§ PROVIDED MATERIAL:

Content starts

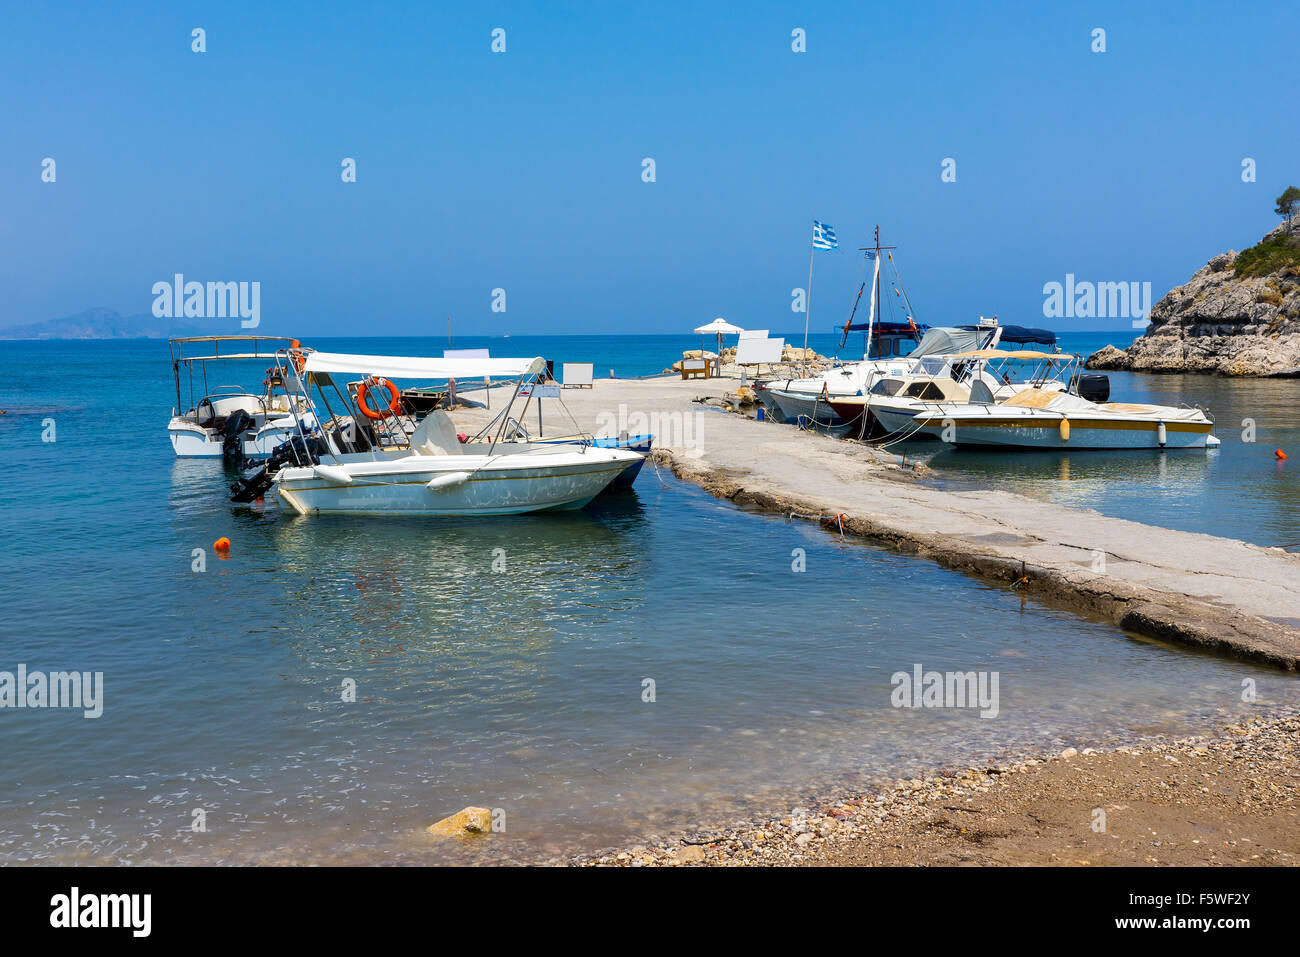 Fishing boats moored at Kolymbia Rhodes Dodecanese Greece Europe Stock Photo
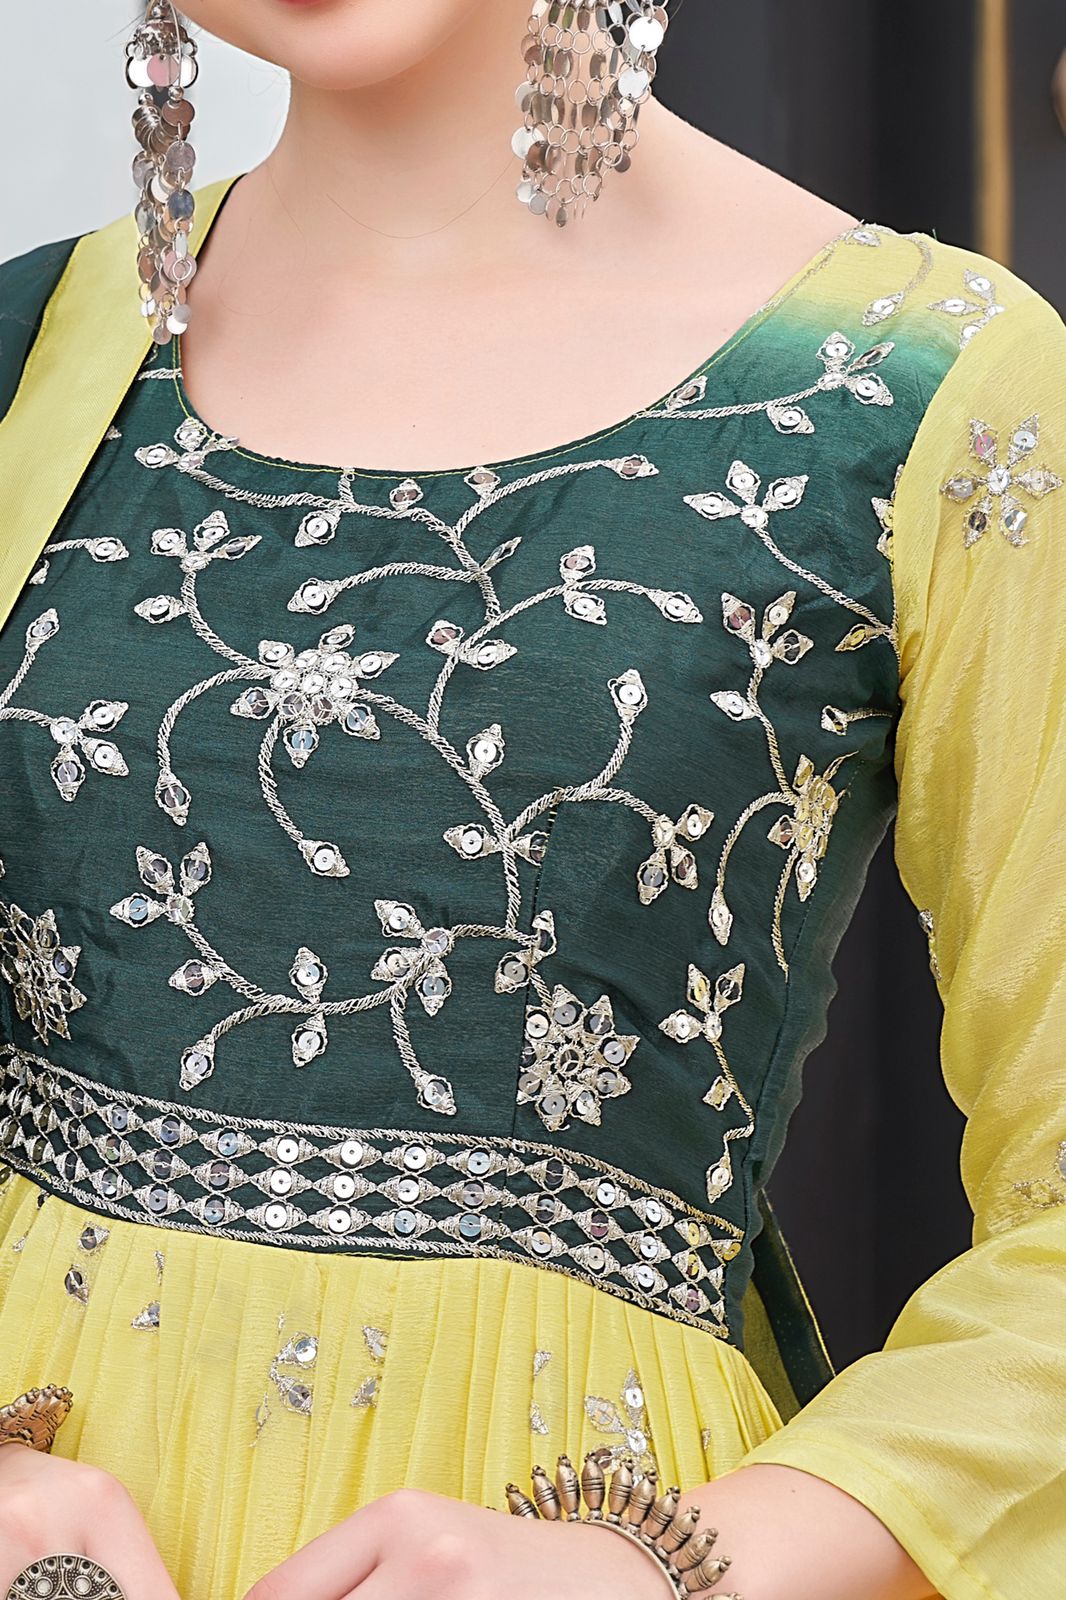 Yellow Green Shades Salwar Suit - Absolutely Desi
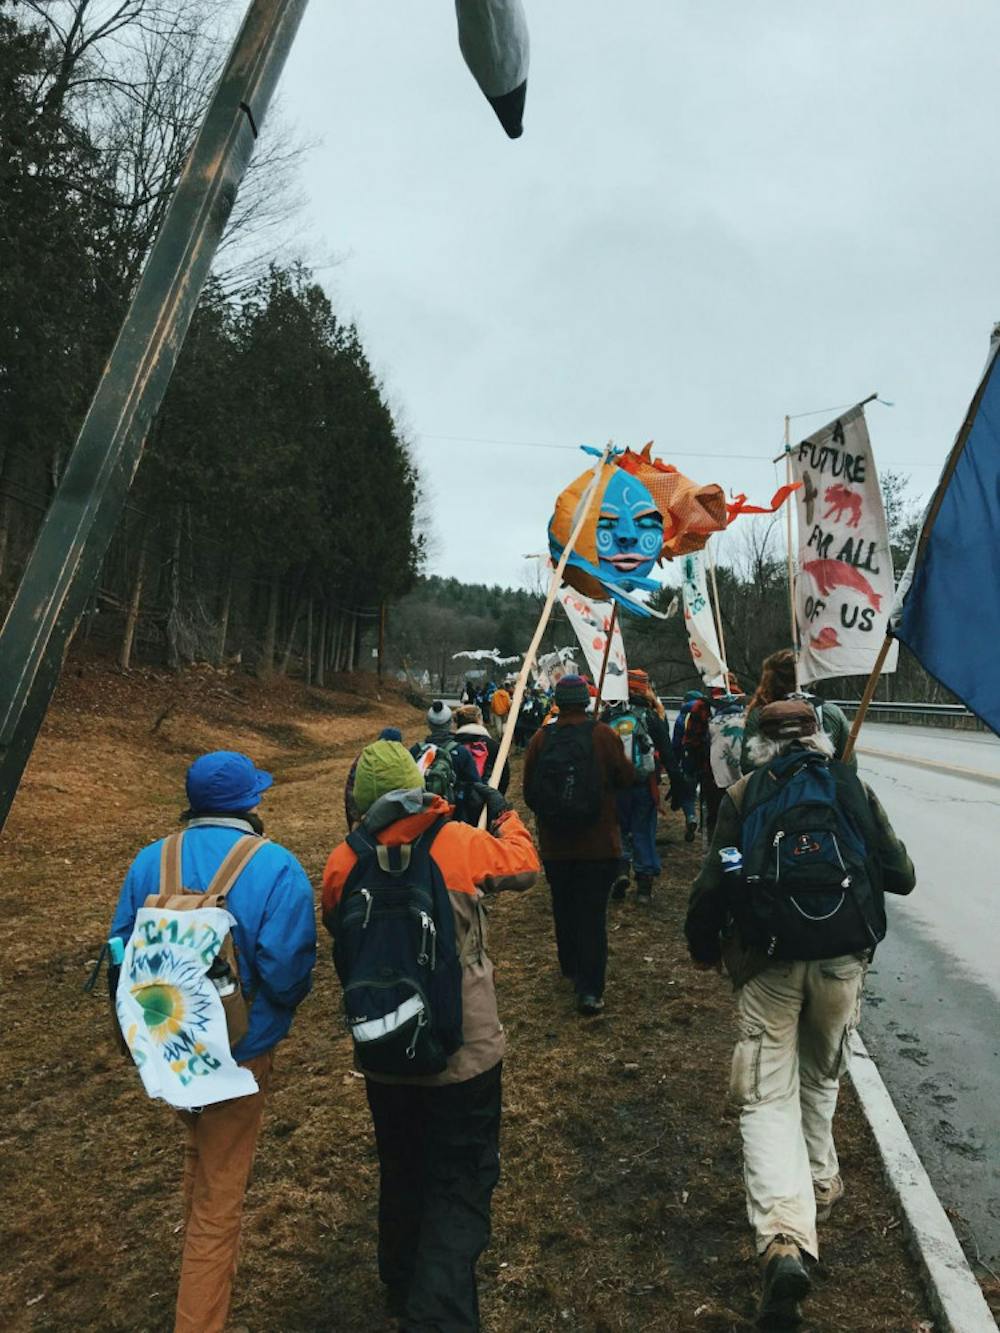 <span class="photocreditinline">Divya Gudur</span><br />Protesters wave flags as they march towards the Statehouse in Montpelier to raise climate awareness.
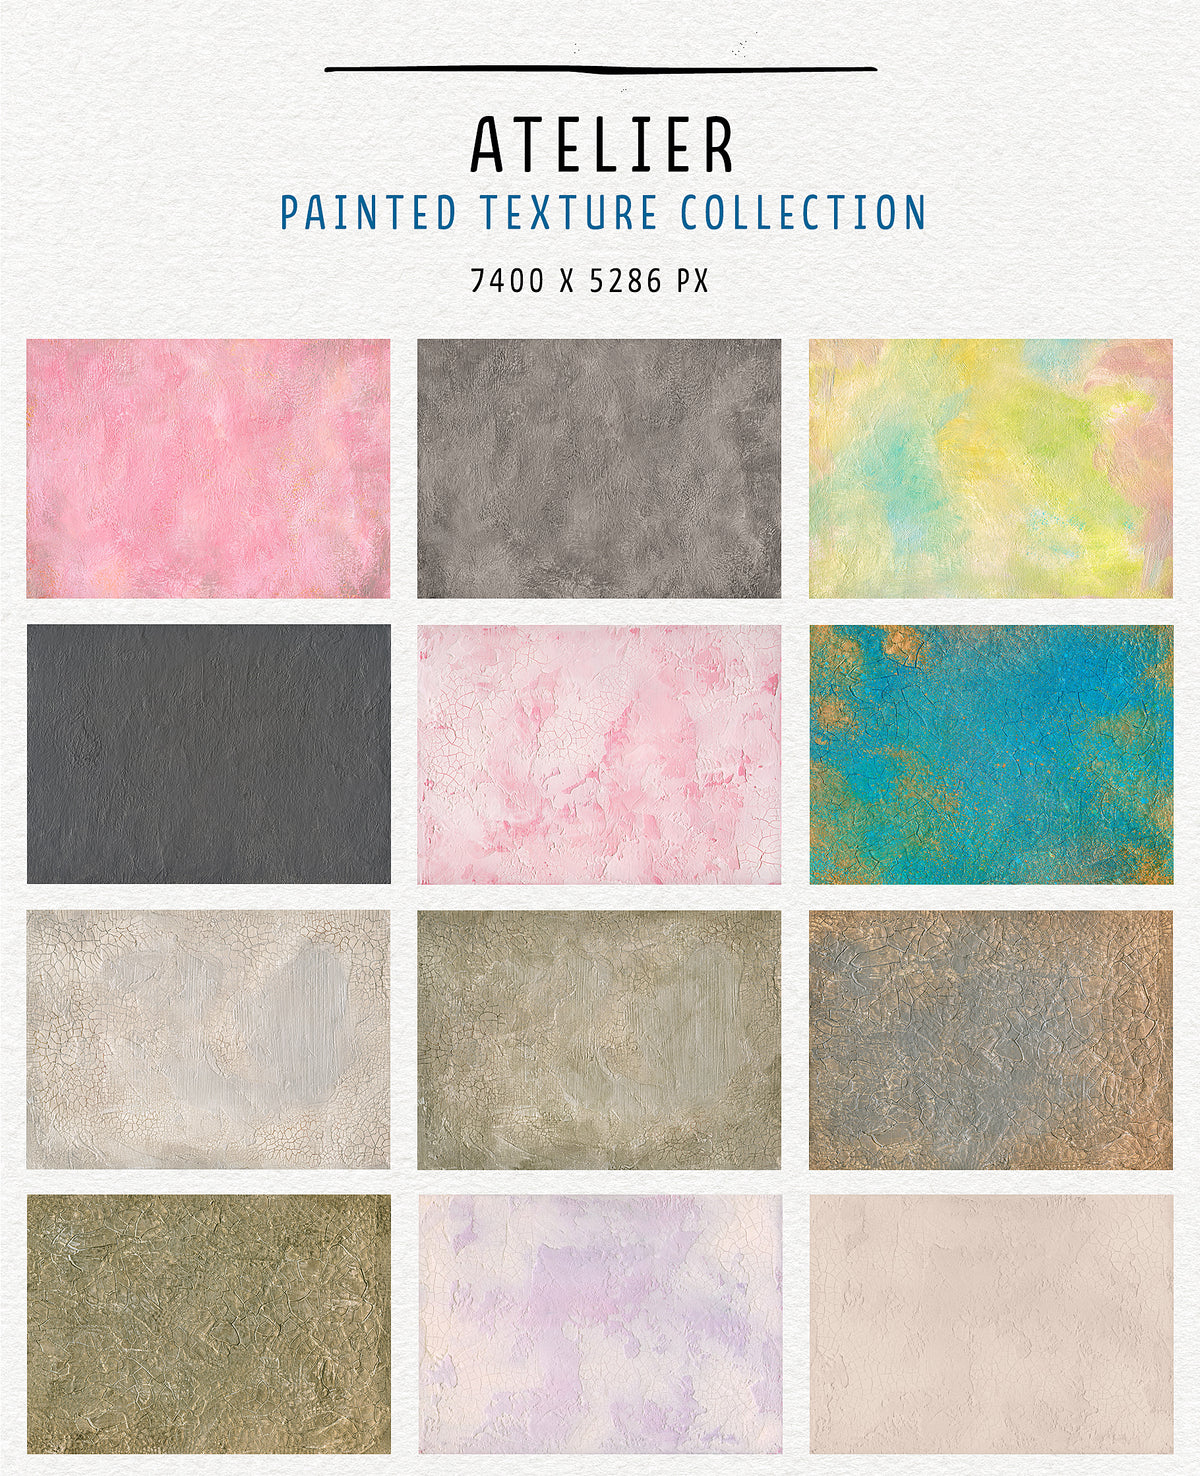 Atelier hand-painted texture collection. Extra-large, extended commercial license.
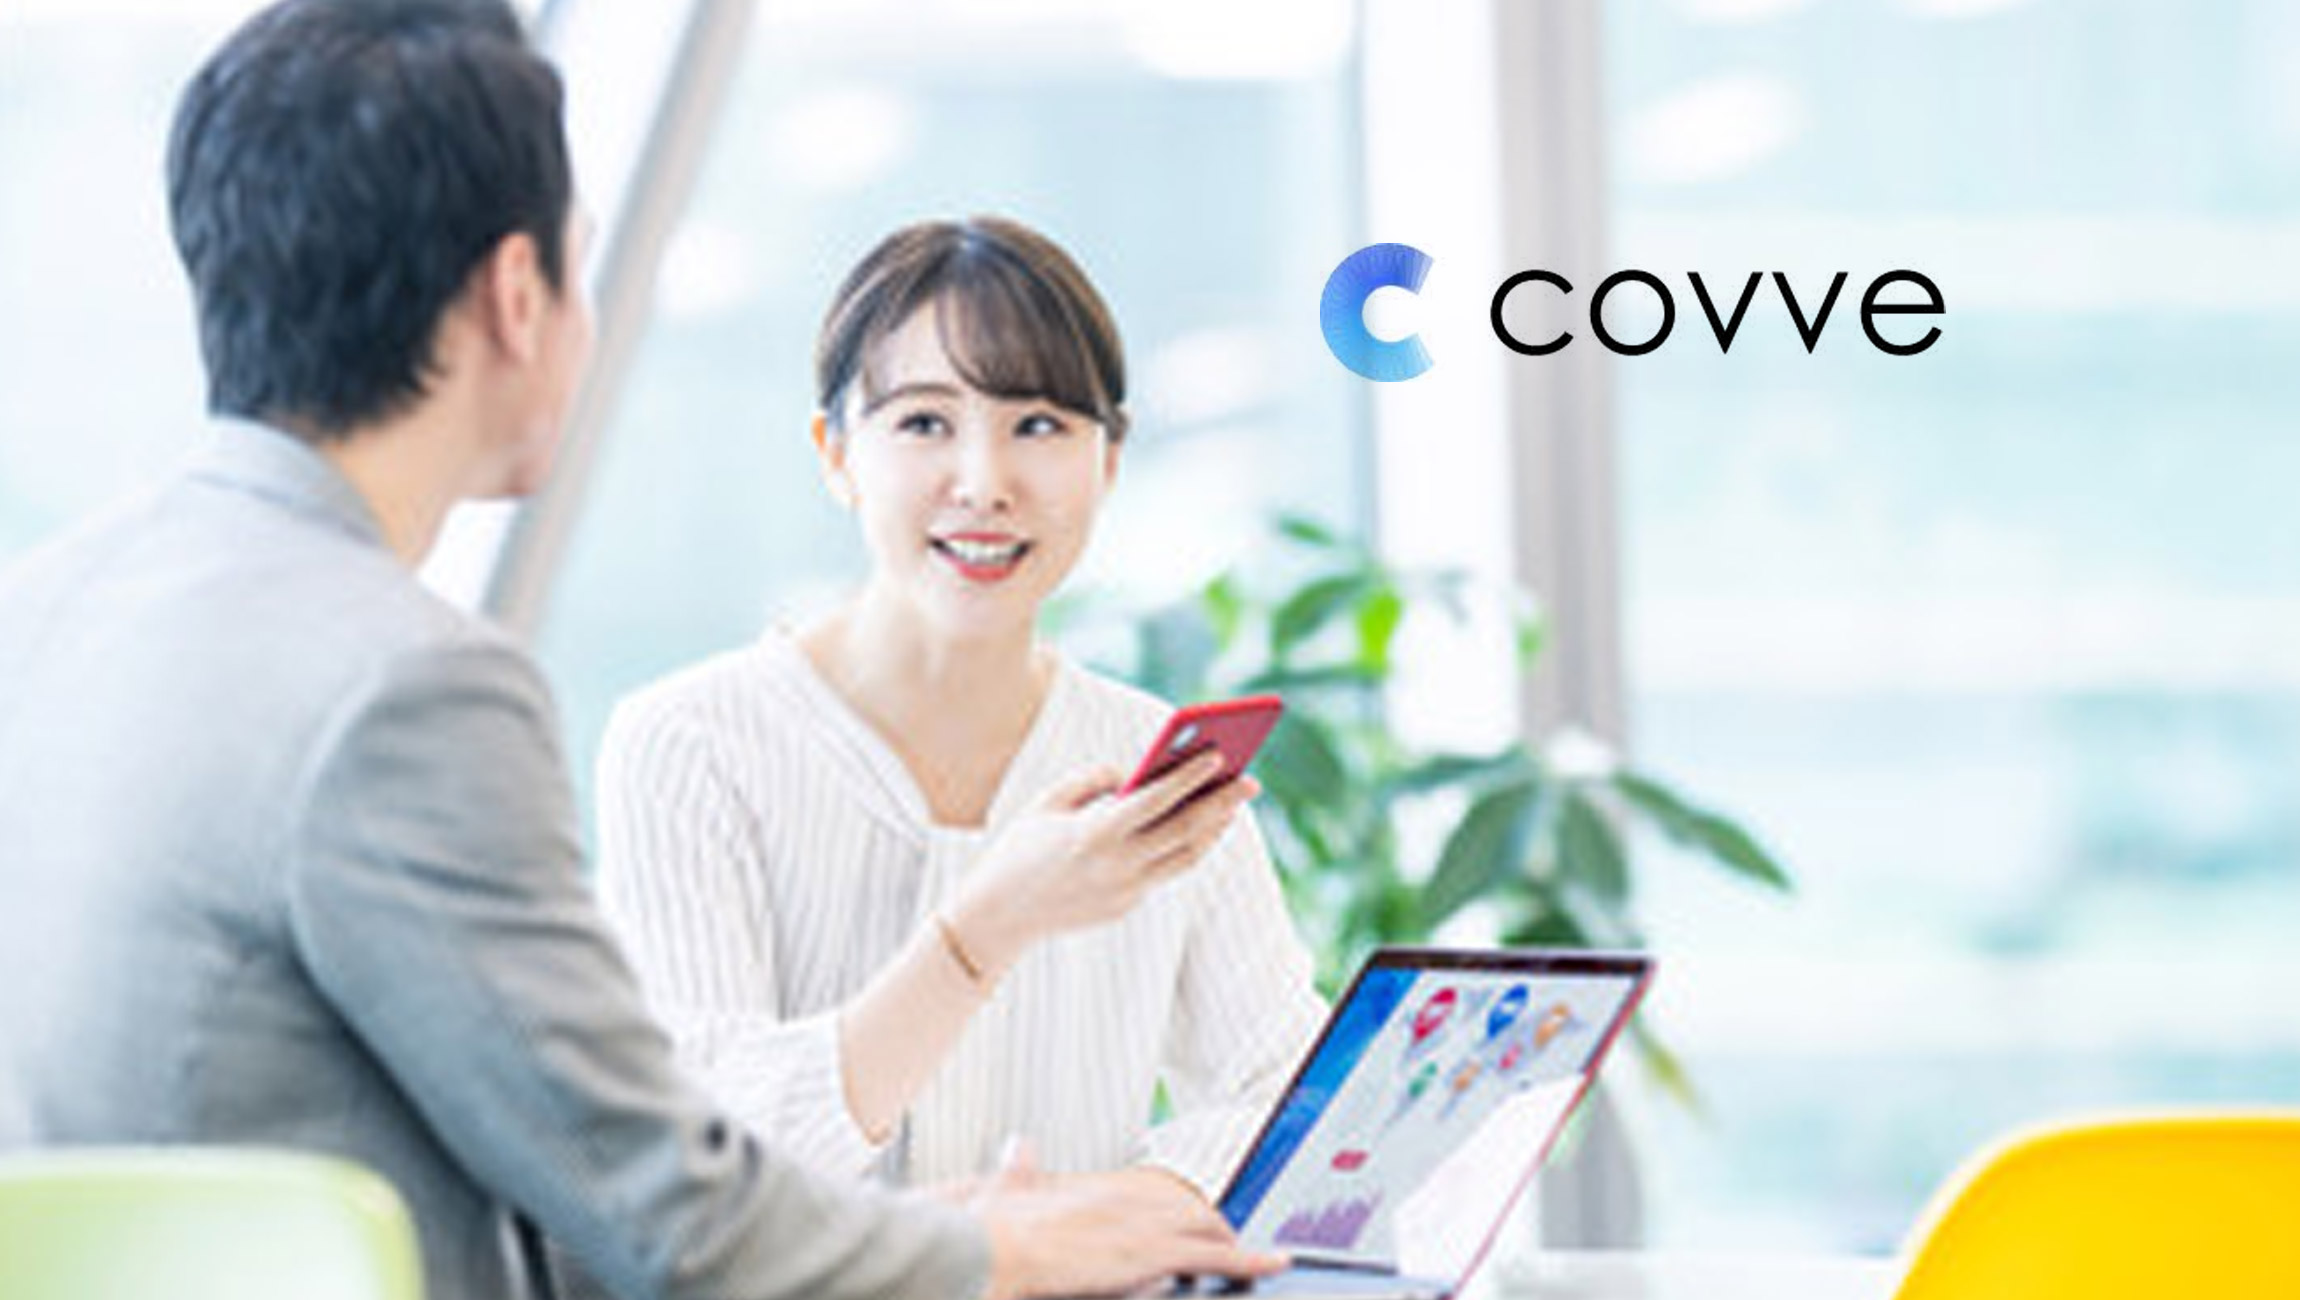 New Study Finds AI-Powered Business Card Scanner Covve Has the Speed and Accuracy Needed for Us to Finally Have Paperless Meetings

Content ends

§ EXERCISE PROMPT: Return every entry word for word, leaving the pictures out.

§ RESPONSE FOR THIS EXERCISE:
 Fishing boats moored at Kolymbia Rhodes Dodecanese Greece Europe Stock Photo
 Yellow Green Shades Salwar Suit - Absolutely Desi
 <span class="photocreditinline">Divya Gudur</span><br />Protesters wave flags as they march towards the Statehouse in Montpelier to raise climate awareness.
 Atelier hand-painted texture collection. Extra-large, extended commercial license.
 New Study Finds AI-Powered Business Card Scanner Covve Has the Speed and Accuracy Needed for Us to Finally Have Paperless Meetings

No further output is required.